A due anni scarsi di distanza dal celebre esperimento dei fratelli Montgolfier, che suscitò in tutt'Europa un entusiasmo indescrivibile, anche in quel di Rimini si cominciò a dar l'assalto al cielo con gli aerostati. Per quel che se ne sa, il primo fu lanciato a Santarcangelo il 17 aprile del 1785. Andò tutto a meraviglia, con piena soddisfazione della fitta folla che era accorsa. Le cronache del tempo non citano il nome del costruttore. Sarà stato certamente un forestiero: forse quel Felice Manduchi che l'8 maggio lancerà un secondo pallone volante a Rimini, nei pressi dell'antica chiesa di San Gaudenzio (rimpiazzata poi dal palazzo Sartoni e oggi dal Palazzetto dello Sport). La mongolfiera restò in aria diciannove minuti precisi e "il popolo ne rimase estremamente divertito".
Riuscì anche meglio il lancio del primo aerostato indigeno, costruito sul modello di quello dei Montgolfier (la Biblioteca Gambalunghiana ne conserva il progetto) dall'"intraprendente" gentiluomo riminese Michelangelo Diotallevi. Personaggio geniale e sregolato, che ebbe una vita sentimentale movimentata e appioppò ai figli nomi impronunciabili (Adauto, Audiface, Disma), fu il Diotallevi - a detta di Nicola Giangi - "uomo voglioso nella meccanica". Il suo pallone, lanciato il 24 maggio dal cortile di casa Franzi, "si alzò a grande altezza e cadde di là da Covignano". Un altro di maggiori dimensioni, "ornato di varii misteriosi geroglifici", ne fabbricò e lanciò, negli stessi giorni, l'arciprete Giuseppe Vannucci, "uomo e maestro eruditissimo", scolaro di Giovanni Bianchi. Se l'aerostato del Diotallevi ispirò il concittadino Giovanni Tommasini ("tu rinnovasti il gallico portento / e tu gloria n'avrai ne' dì venturi"), quello del Vannucci, che precipitò a Cattolica, eccitò addirittura la Musa poetico-giornalistica di Vincenzo Monti.
Con gli esperimenti dei riminesi si chiude, dalle nostre parti, la fase pionieristica delle mongolfiere, ancora prive, naturalmente (e grazie al Cielo), d'equipaggio. Un altro paio di palloni senza persone a bordo saranno lanciati dall'odierna piazza Malatesta, il 15 e il 21 settembre 1800, da un "forestiero mercenario", pagato, cioè, per le sue esibizioni.

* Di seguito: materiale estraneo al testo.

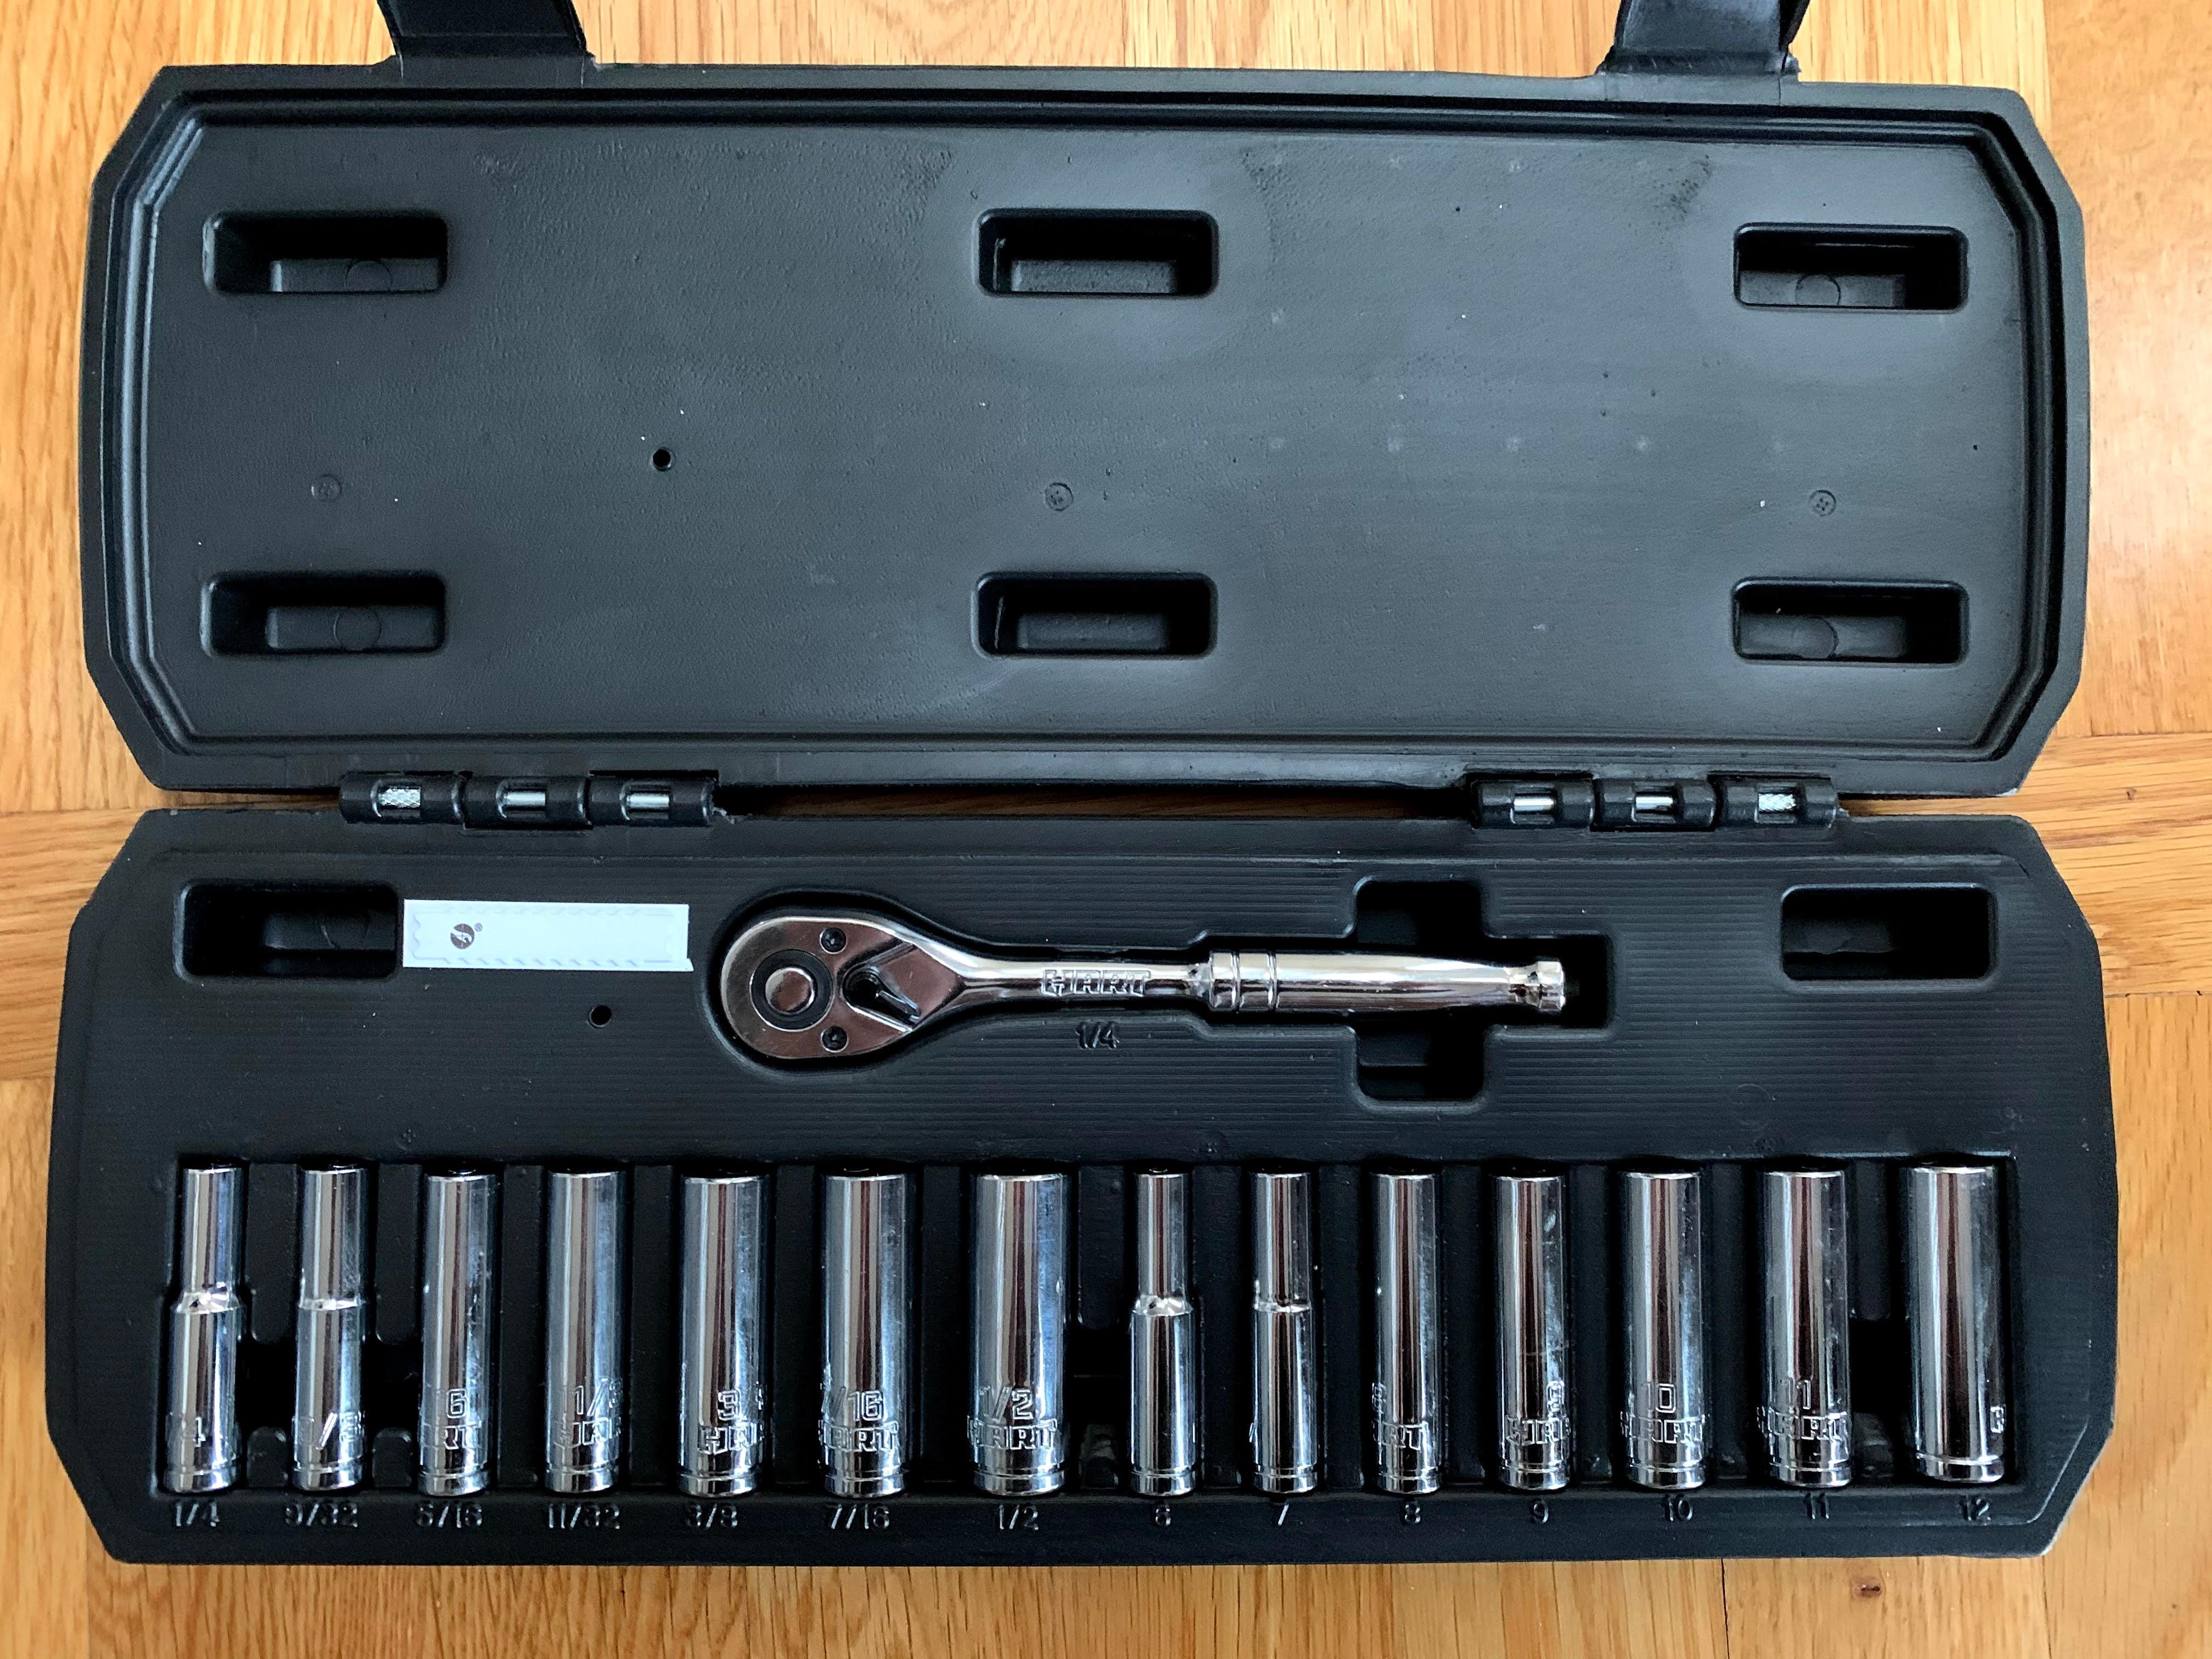 HART 15-Piece 1/4-inch Drive Deep Socket Set with Ratchet, Chrome - Walmart B&M local pickup $10
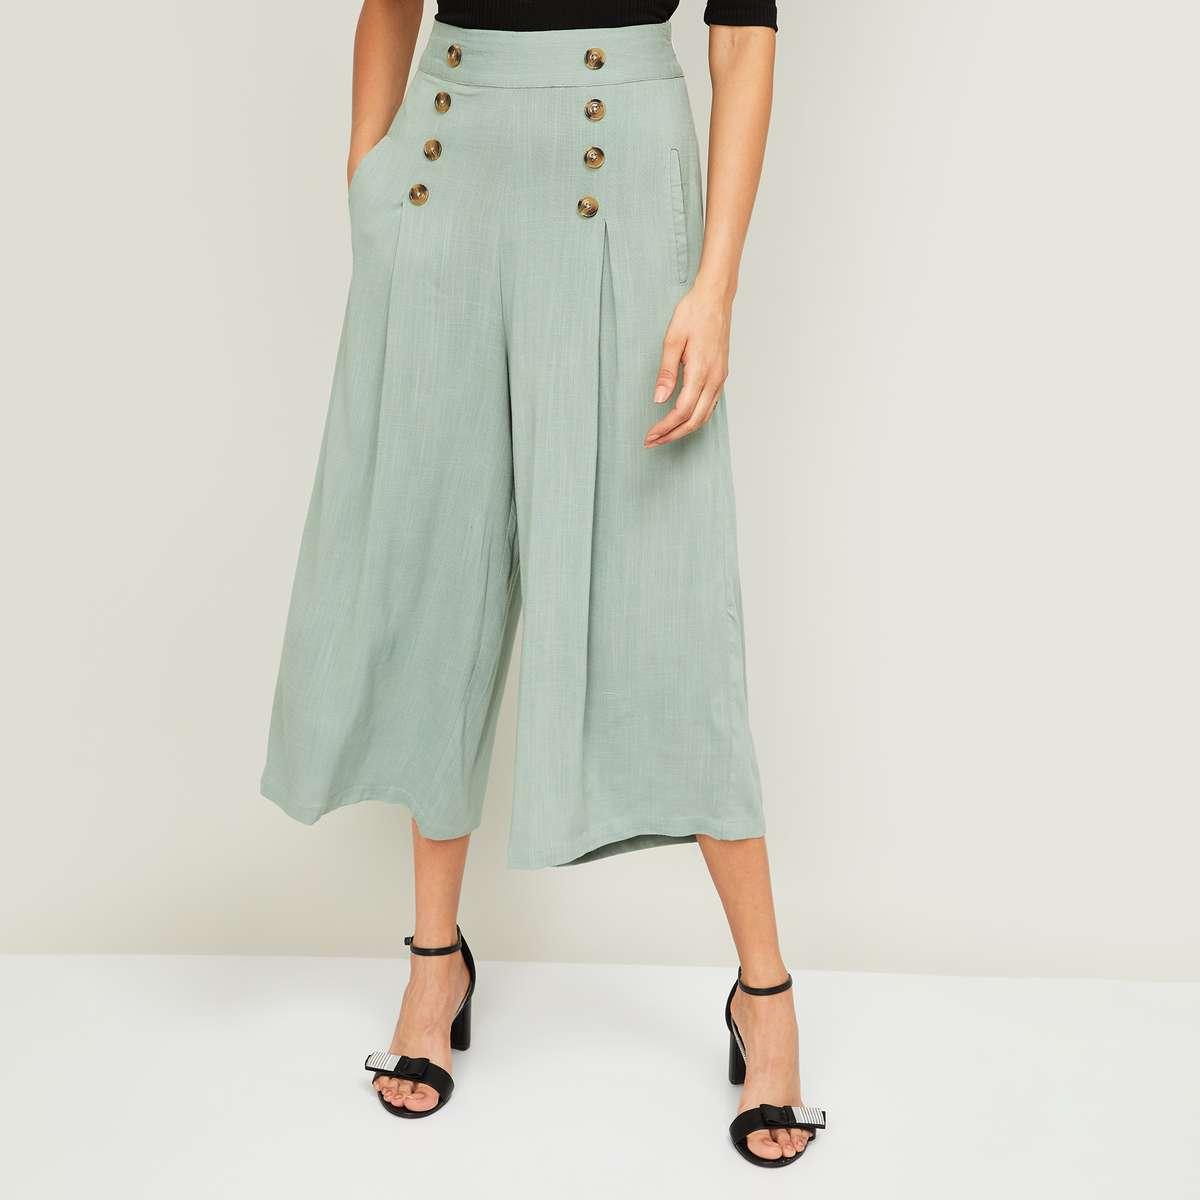 8.CODE Women Solid Elasticated Culottes

Chi soprattutto tentò in Italia il volo umano in mongolfiera, fu il temerario "aeronauta" bolognese Zambeccari, le cui imprese i cronisti riminesi seguirono con ammirata trepidazione. Questi, nell'ottobre del 1803, lanciò un pallone "disabitato" che cadde in mare, dopo un lungo volo sull'Adriatico, davanti alla costa istriana. Il 25 settembre 1812 fu il giorno del suo ultimo volo. Sulla fatale mongolfiera salirono lo Zambeccari e un compagno. Il pallone, alzandosi, urtò contro un albero; la collisione rovesciò la lampada a spirito sui due disgraziati "aeronauti". Mentre il compagno si lasciò cadere fuori dall'abitacolo, fratturandosi qualche costola, lo Zambeccari, avvolto dalle fiamme, precipitò col pallone da una ventina di metri e morì. Sulla mongolfiera - racconta Filippo Giangi - avrebbe voluto salire anche una coraggiosa signorina, ma il Prefetto di Bologna, provvidenzialmente, glielo proibì.
La sfortunata impresa dello Zambeccari risvegliò i sopiti ardori aerostatici del nostro Michelangelo Diotallevi, che il 19 ottobre lanciò dalla sua casa di campagna al Paradiso un ultimo pallone volante, che dopo dieci minuti andò a fuoco e venne giù come una pera matura. Nessuno patì alcun danno: più previdente del collega bolognese, il marchese Diotallevi aveva, non solo metaforicamente, i piedi per terra.